━━━ Input material ━━━

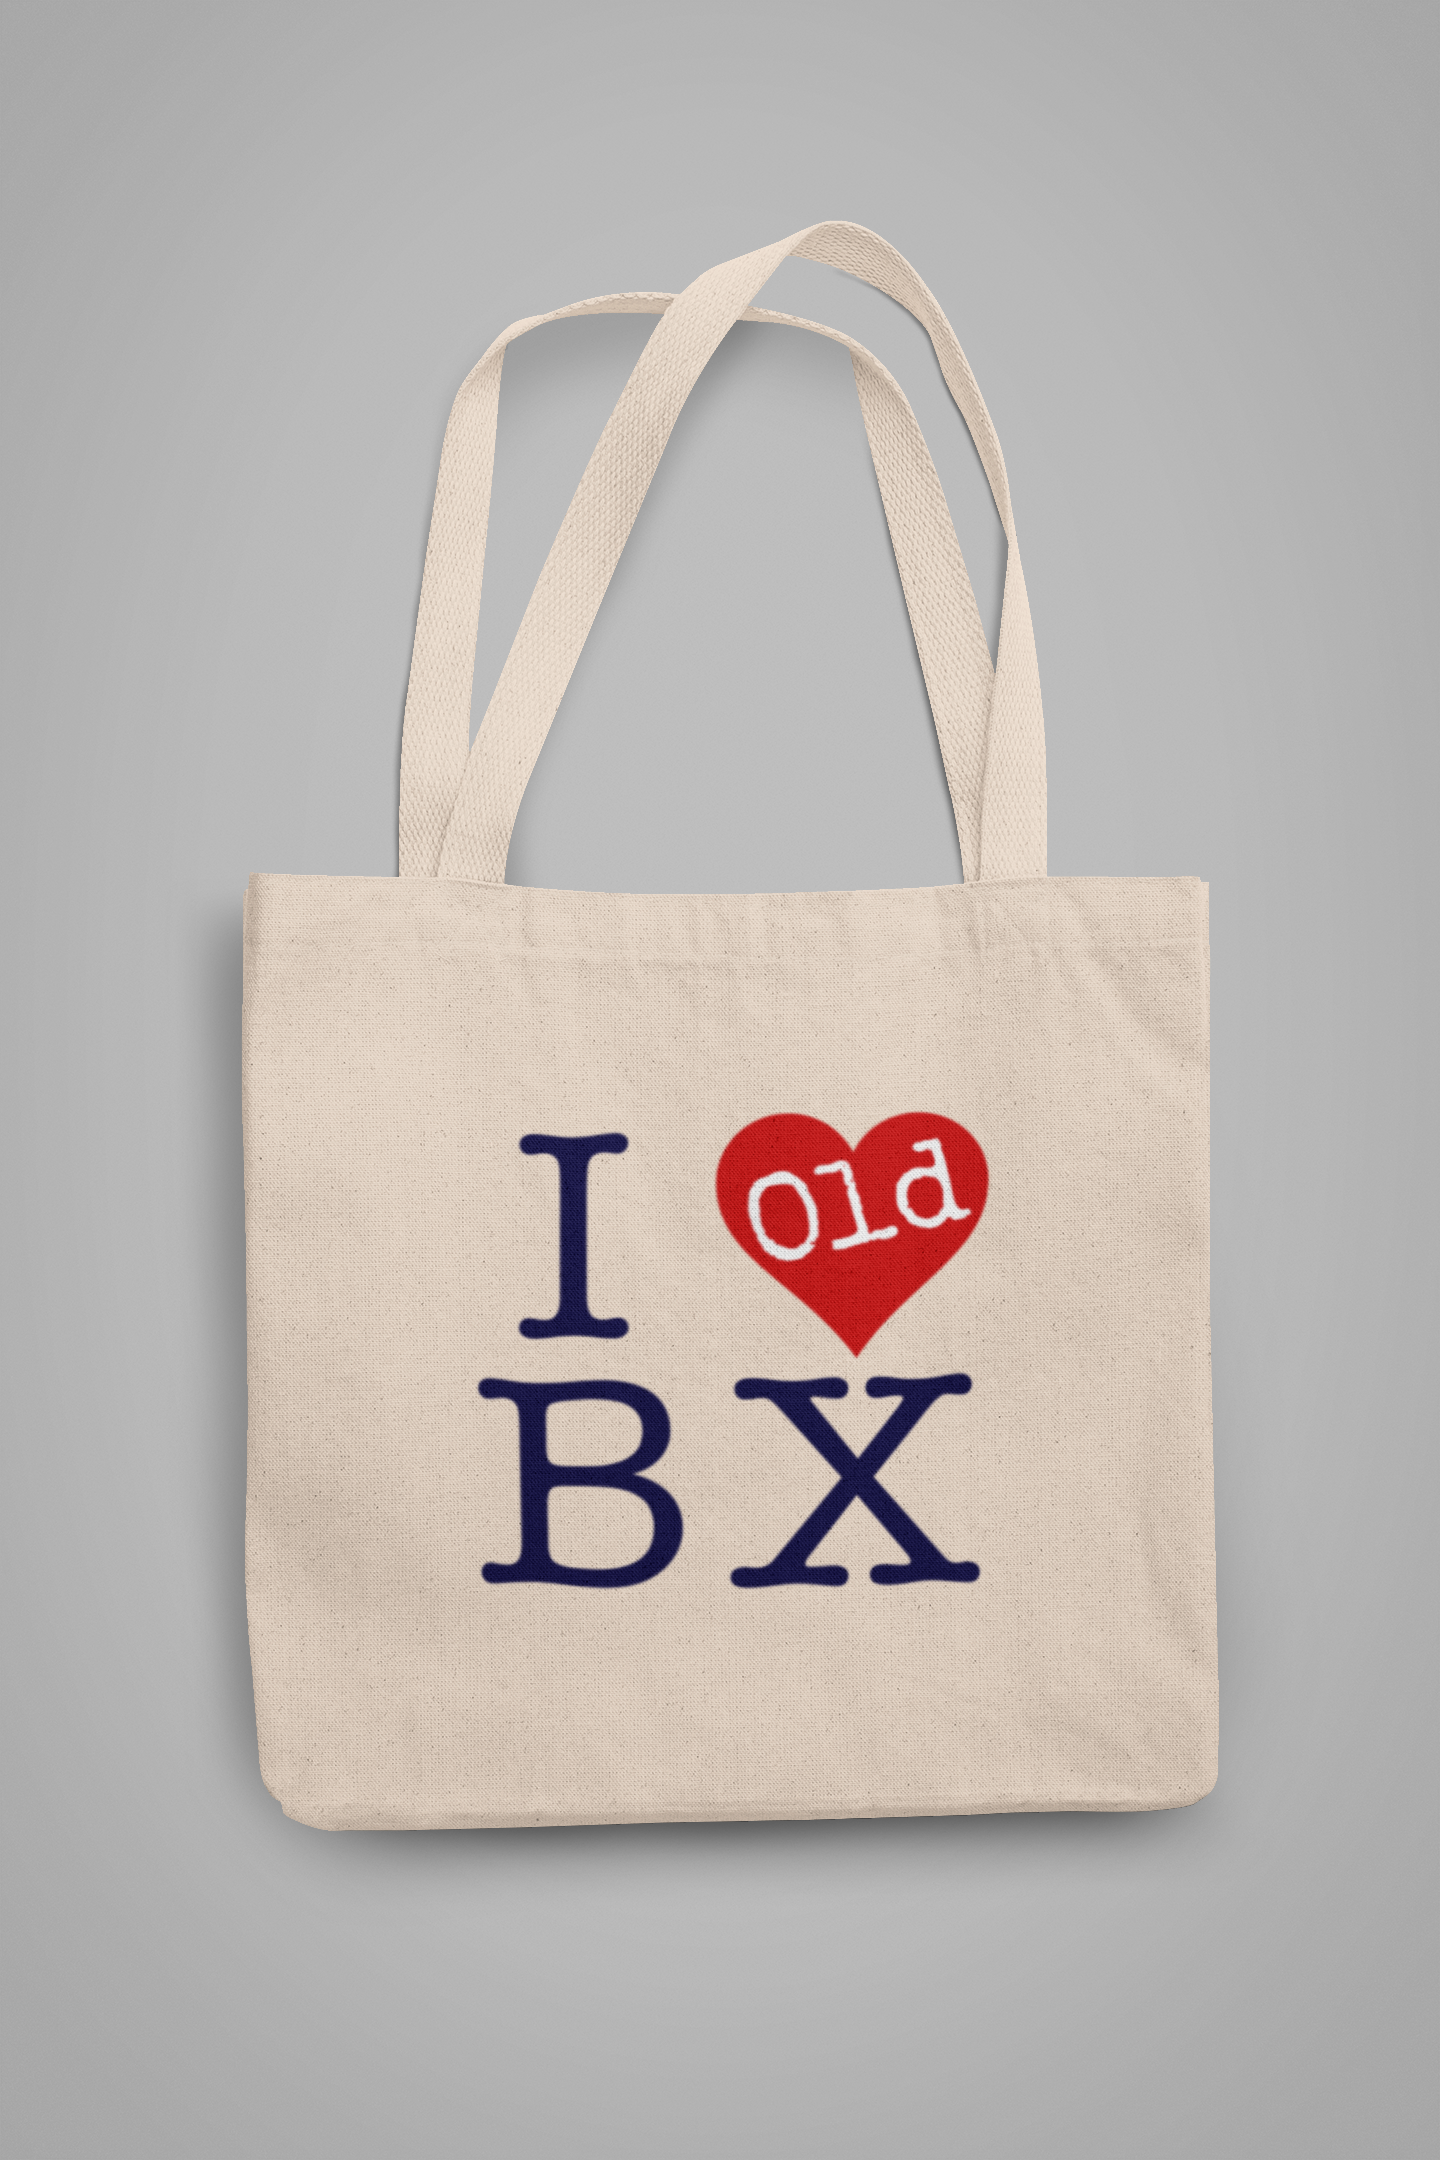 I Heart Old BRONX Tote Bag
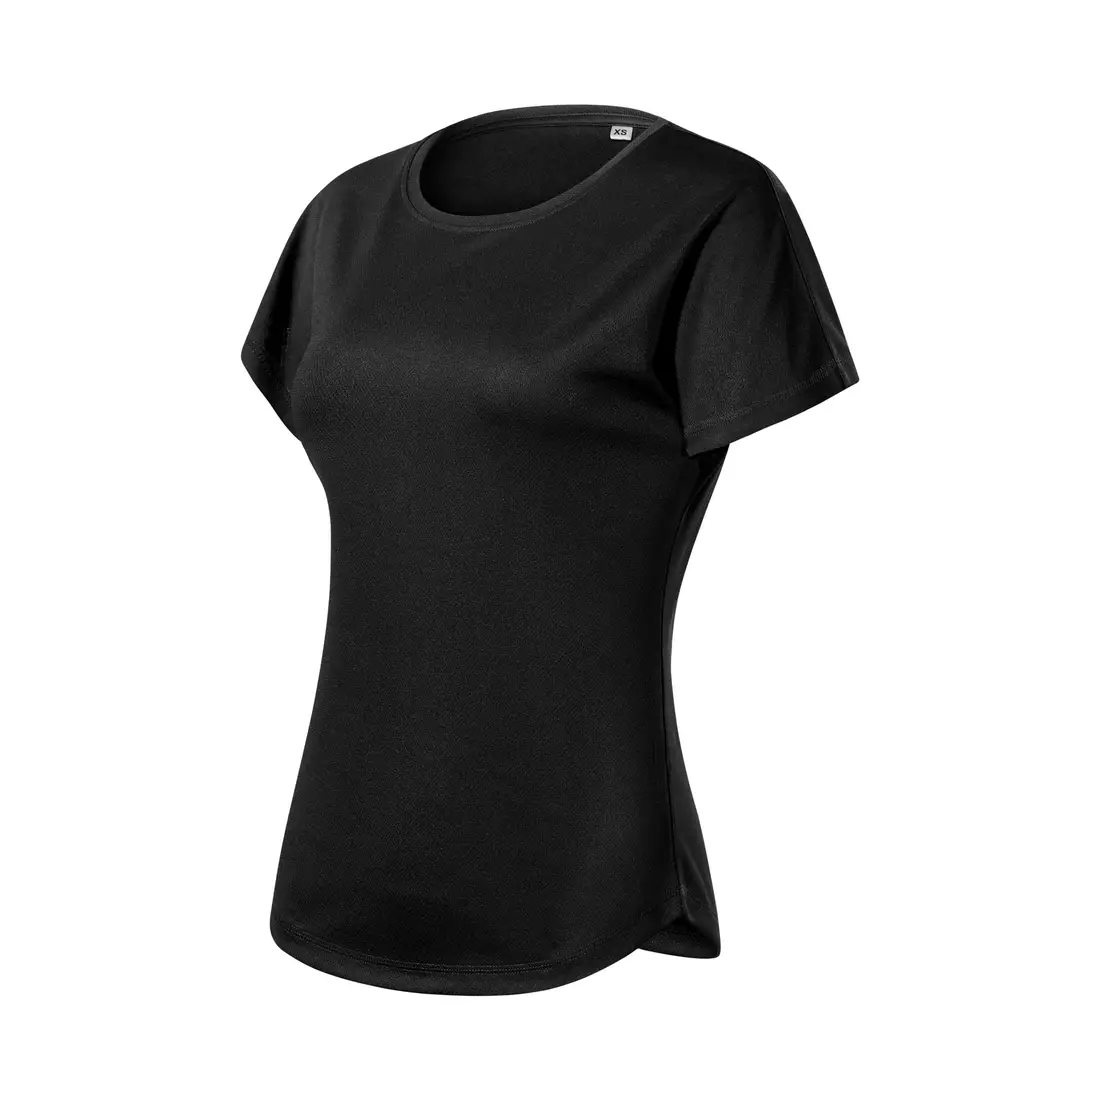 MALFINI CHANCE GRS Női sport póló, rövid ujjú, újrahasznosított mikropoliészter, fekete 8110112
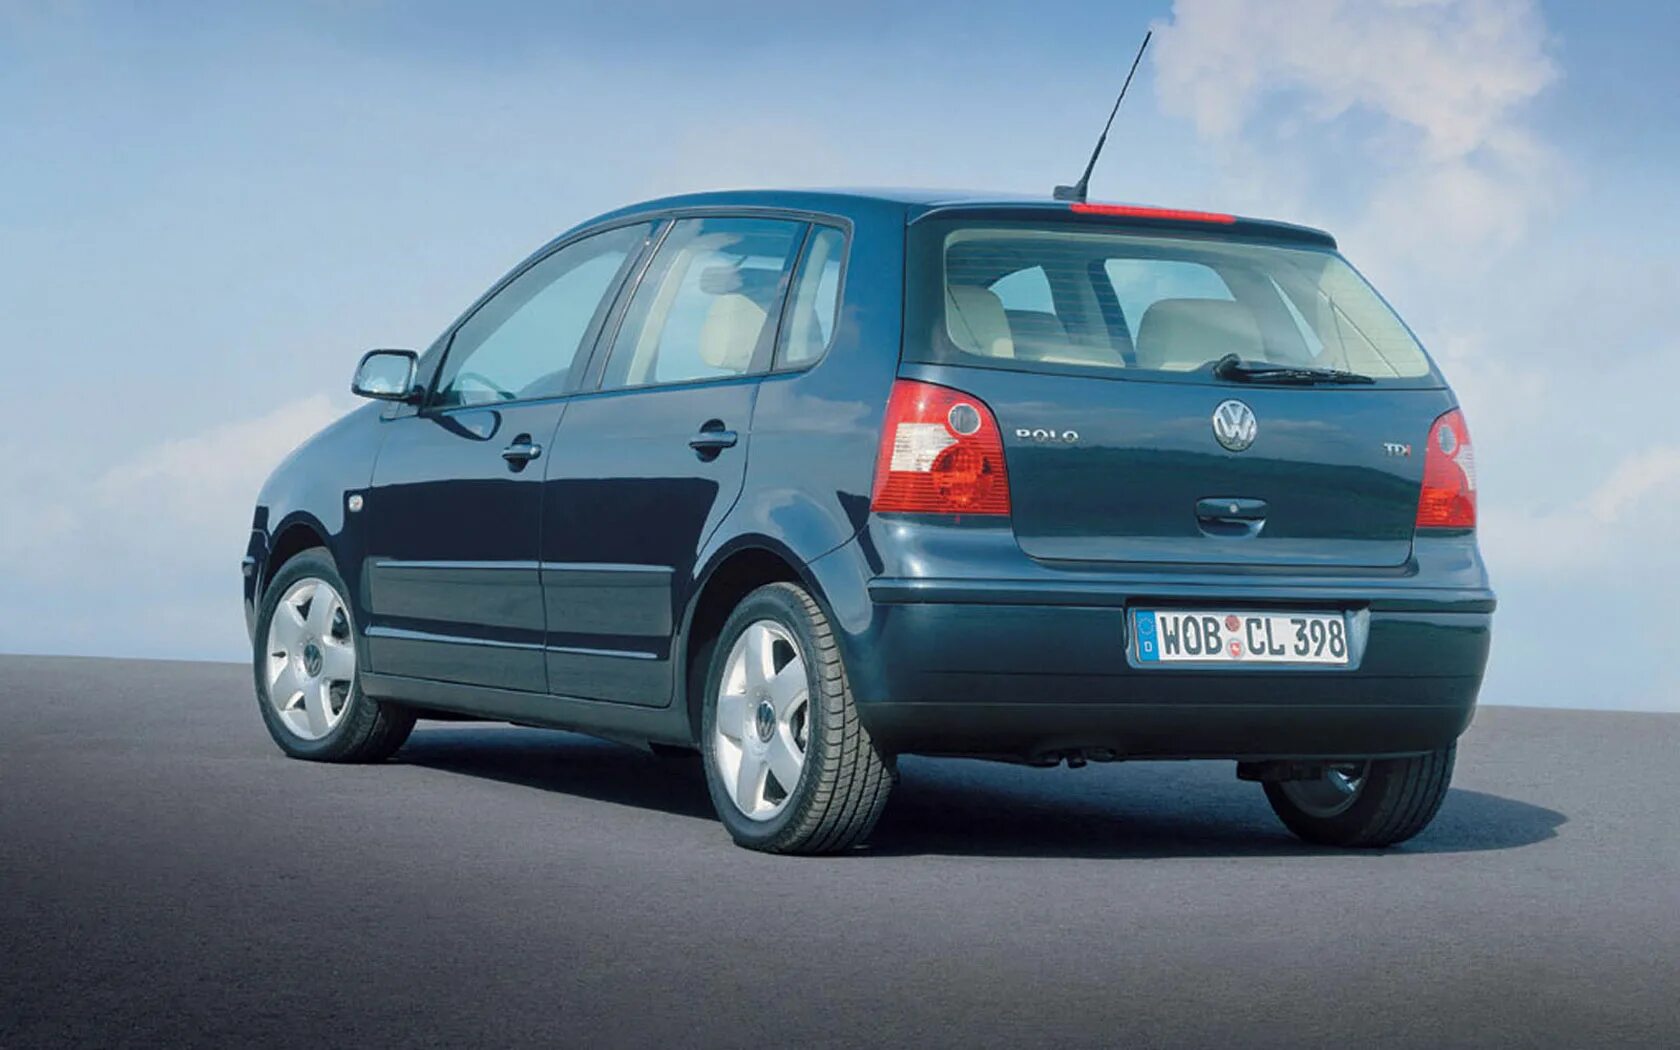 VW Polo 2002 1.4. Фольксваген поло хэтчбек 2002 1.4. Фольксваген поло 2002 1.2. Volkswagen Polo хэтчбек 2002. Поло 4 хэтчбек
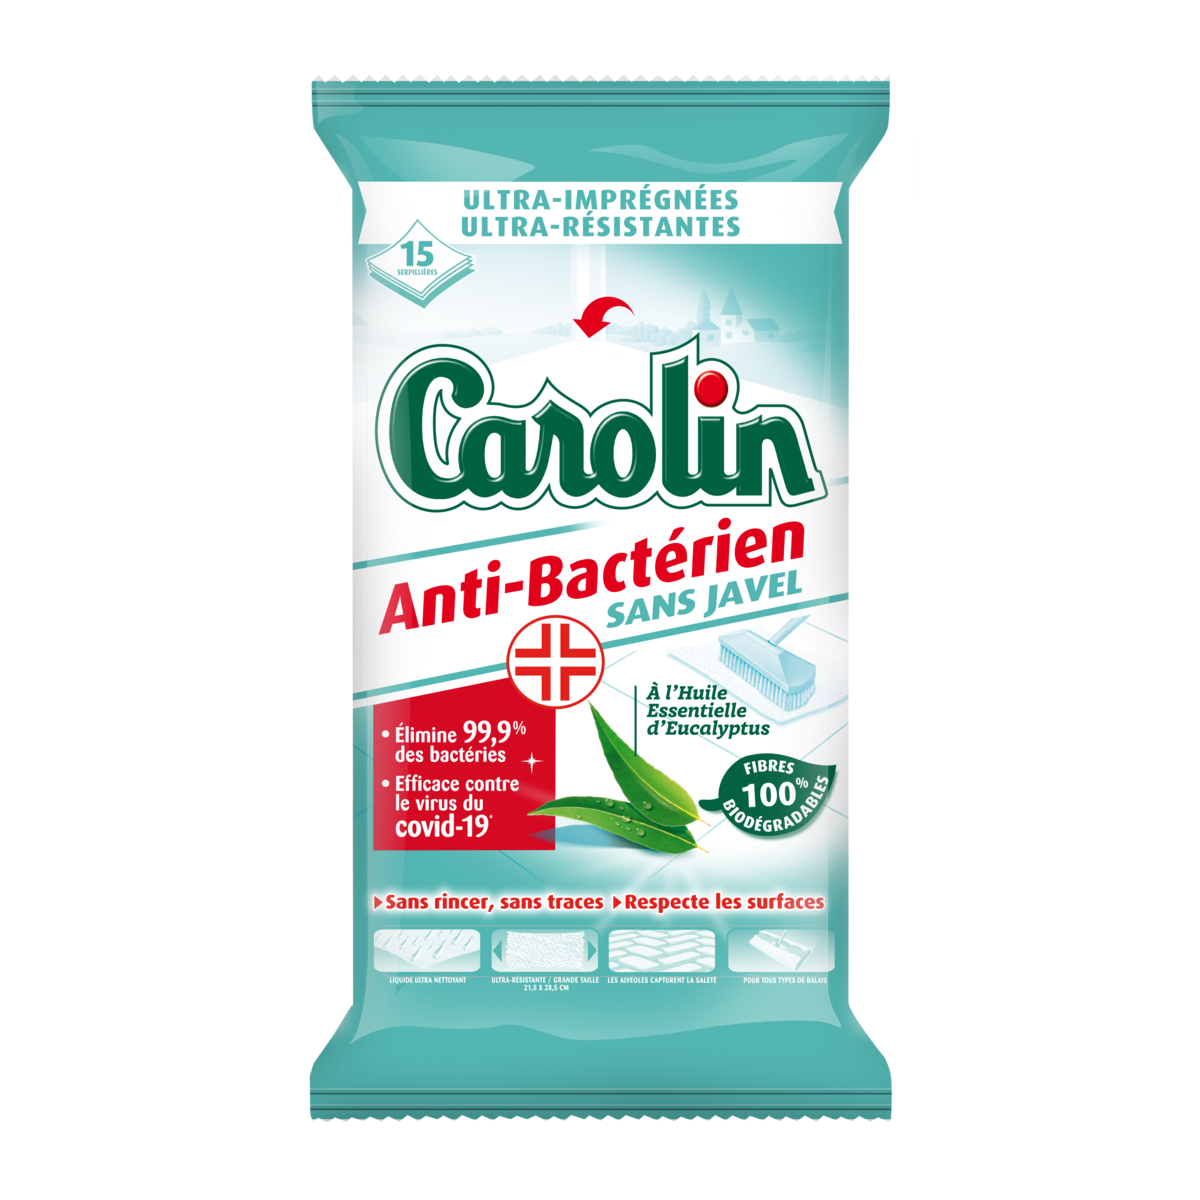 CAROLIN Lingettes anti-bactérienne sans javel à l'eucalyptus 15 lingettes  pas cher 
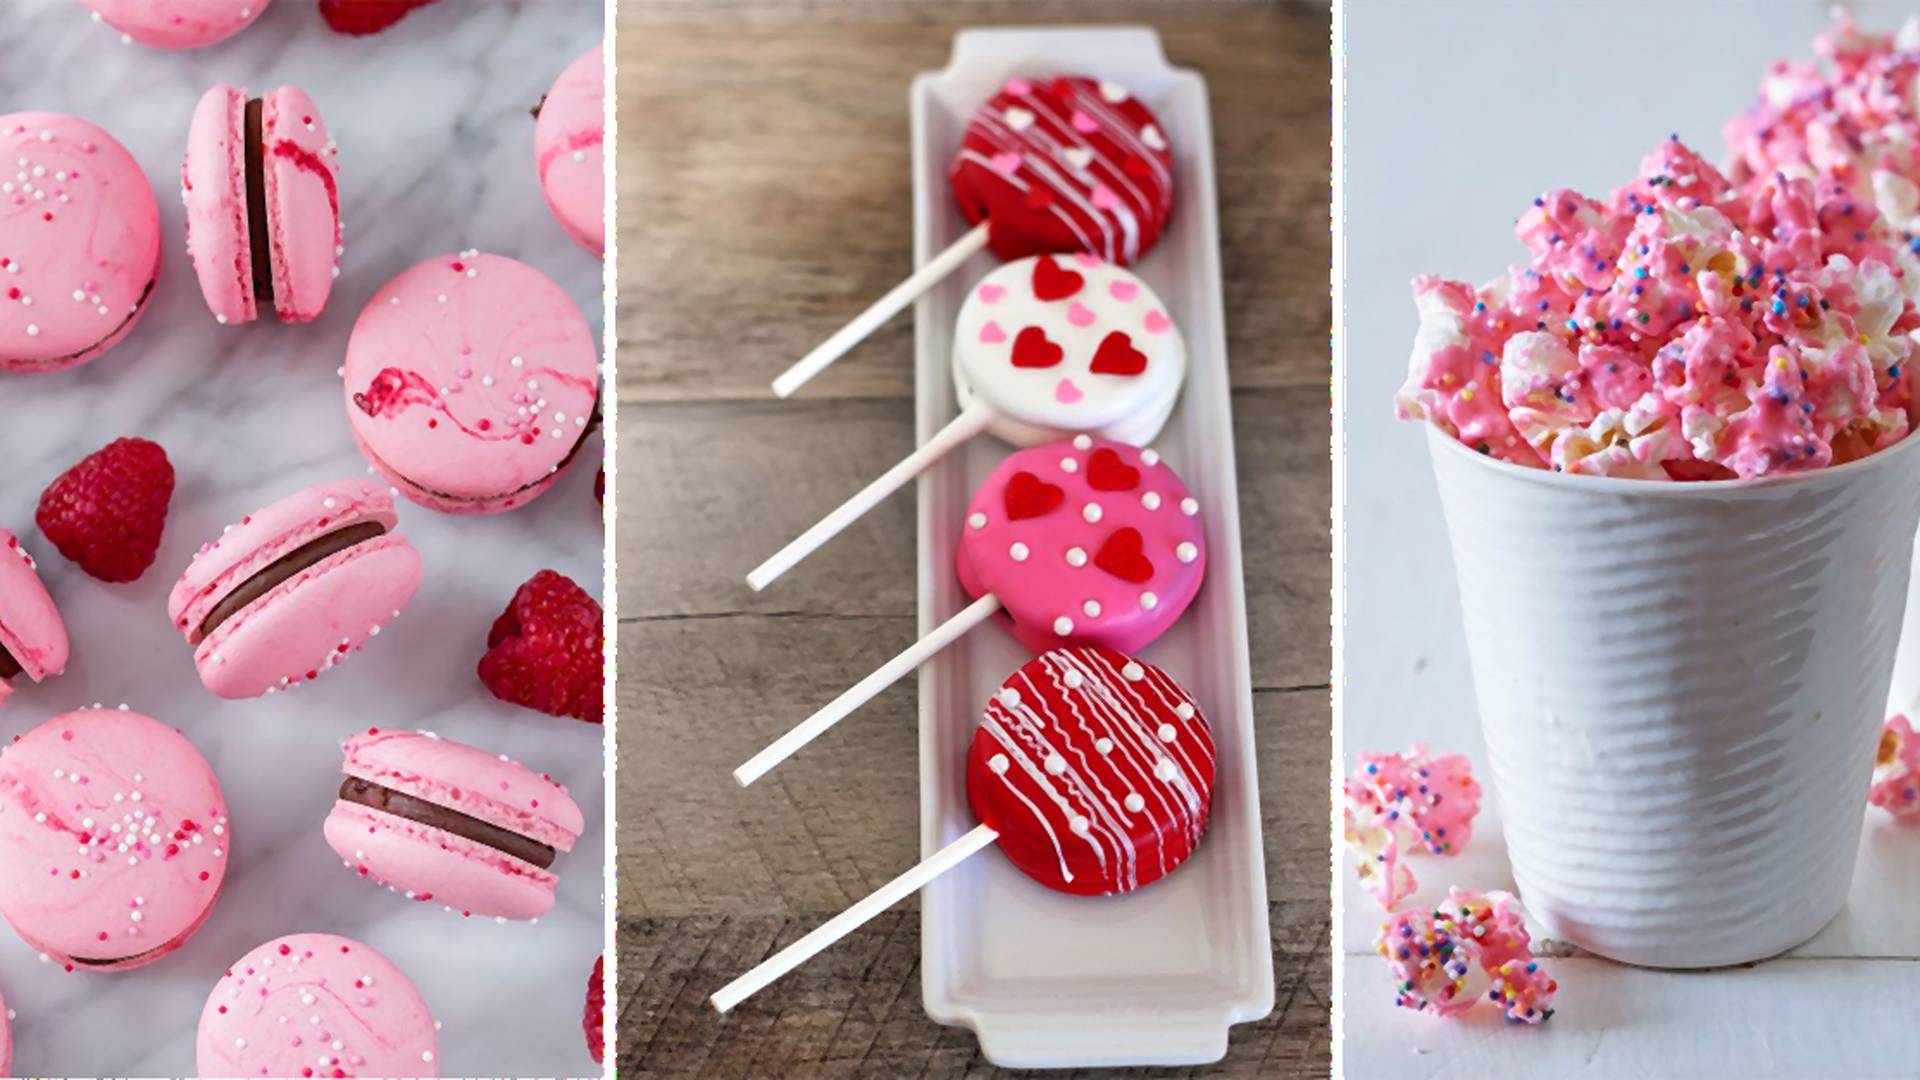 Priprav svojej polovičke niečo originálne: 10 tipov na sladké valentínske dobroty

━━━

| Your objective |
Starting at the first line of the data, set down each line exactly until you have copied the line with "CAROLIN Lingettes anti-bactérienne", but leave the pictures out.

| Result of this exercise |
 I Heart Old BRONX Tote Bag
 MALFINI CHANCE GRS Női sport póló, rövid ujjú, újrahasznosított mikropoliészter, fekete 8110112
 VW Polo 2002 1.4. Фольксваген поло хэтчбек 2002 1.4. Фольксваген поло 2002 1.2. Volkswagen Polo хэтчбек 2002. Поло 4 хэтчбек
 CAROLIN Lingettes anti-bactérienne sans javel à l'eucalyptus 15 lingettes  pas cher 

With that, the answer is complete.